- Consensus secondary structure and sequence conservation of Staphylococcus-1 RNA

Identifiers
- Symbol: Staphylococcus-1
- Rfam: RF03112

Other data
- RNA type: Gene; sRNA
- SO: SO:0001263
- PDB structures: PDBe

= Staphylococcus-1 RNA motif =

The Staphylococcus-1 RNA motif is a conserved RNA structure that was discovered by bioinformatics.
A Staphylococcus-1 motif RNAs is found in Staphylococcus species CAG-324, which has not yet (as of 2018) been more precisely classified. Other examples of Staphylococcus-1 RNAs are present in metagenomic sequences that do not correspond to a classified organism. It is assumed that the organism corresponding to these sequences are related to the Staphylococcus species.

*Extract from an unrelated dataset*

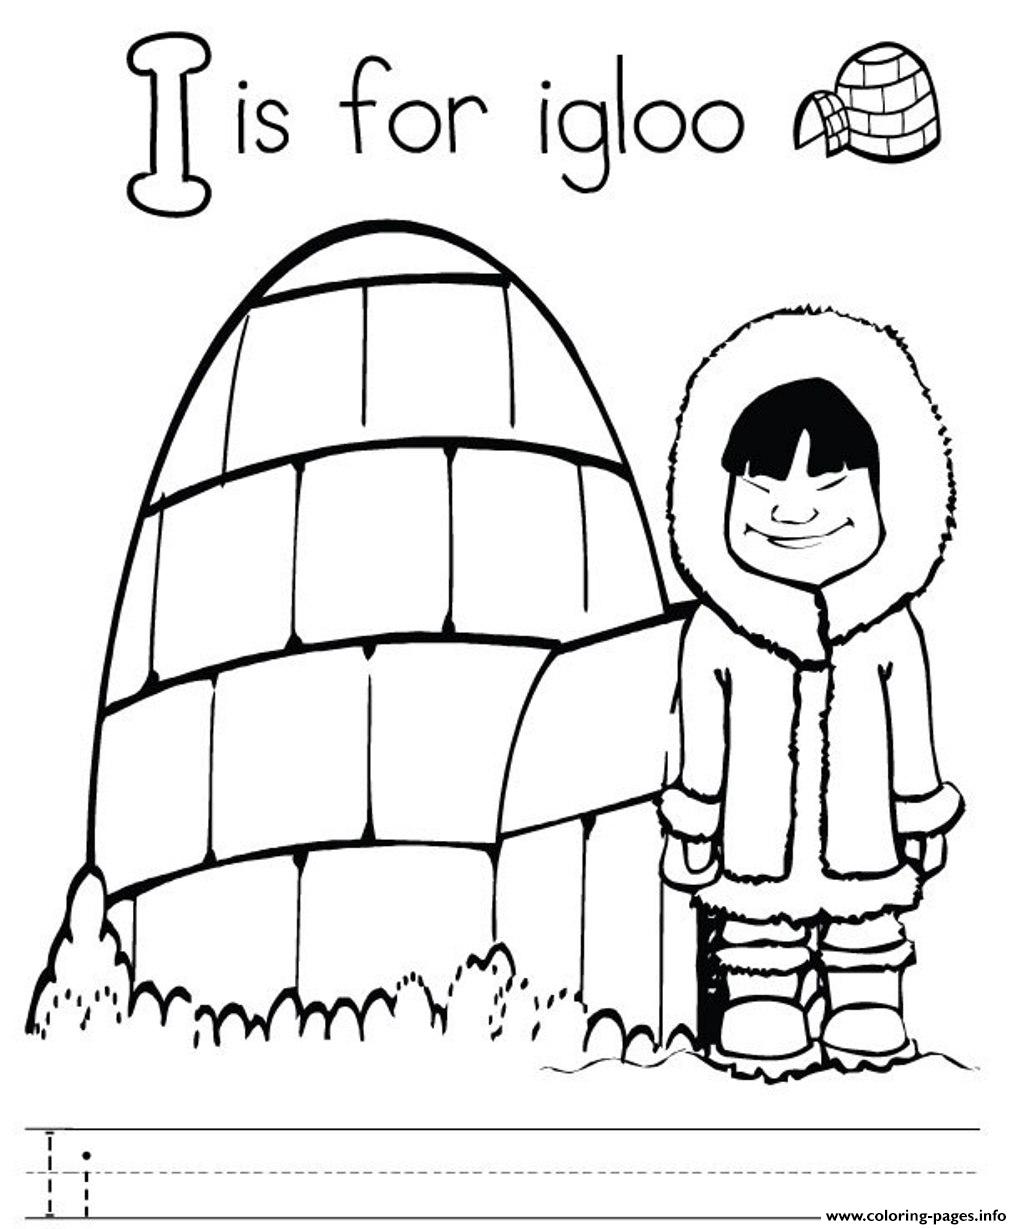 images of igloo for coloring pages - photo #21
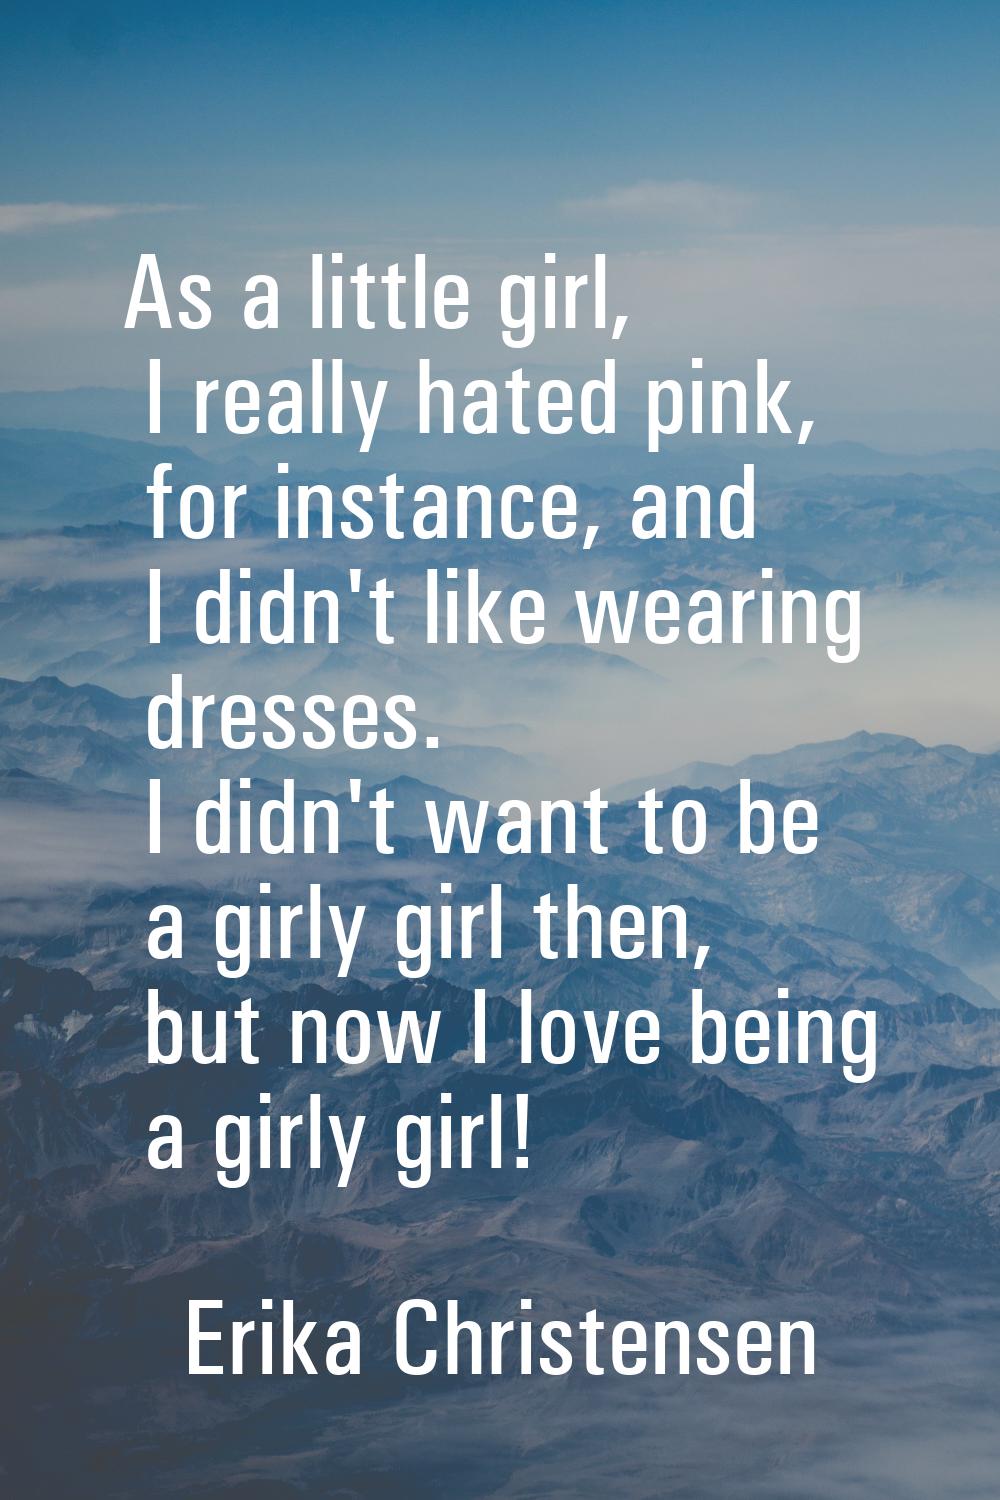 As a little girl, I really hated pink, for instance, and I didn't like wearing dresses. I didn't wa

Most Staphylococcus-1 RNAs are found in the apparent 5′ untranslated regions (5′ UTRs) of genes whose protein products exhibit a borderline similarity to HNH endonucleases. This genetic arrangement could suggest that Staphylococcus-1 RNAs function as cis-regulatory elements. However, one Staphylococcus-1 RNA is not located in a 5′ UTR calls this hypothesis into question, and suggests that the RNAs more likely function as small RNAs.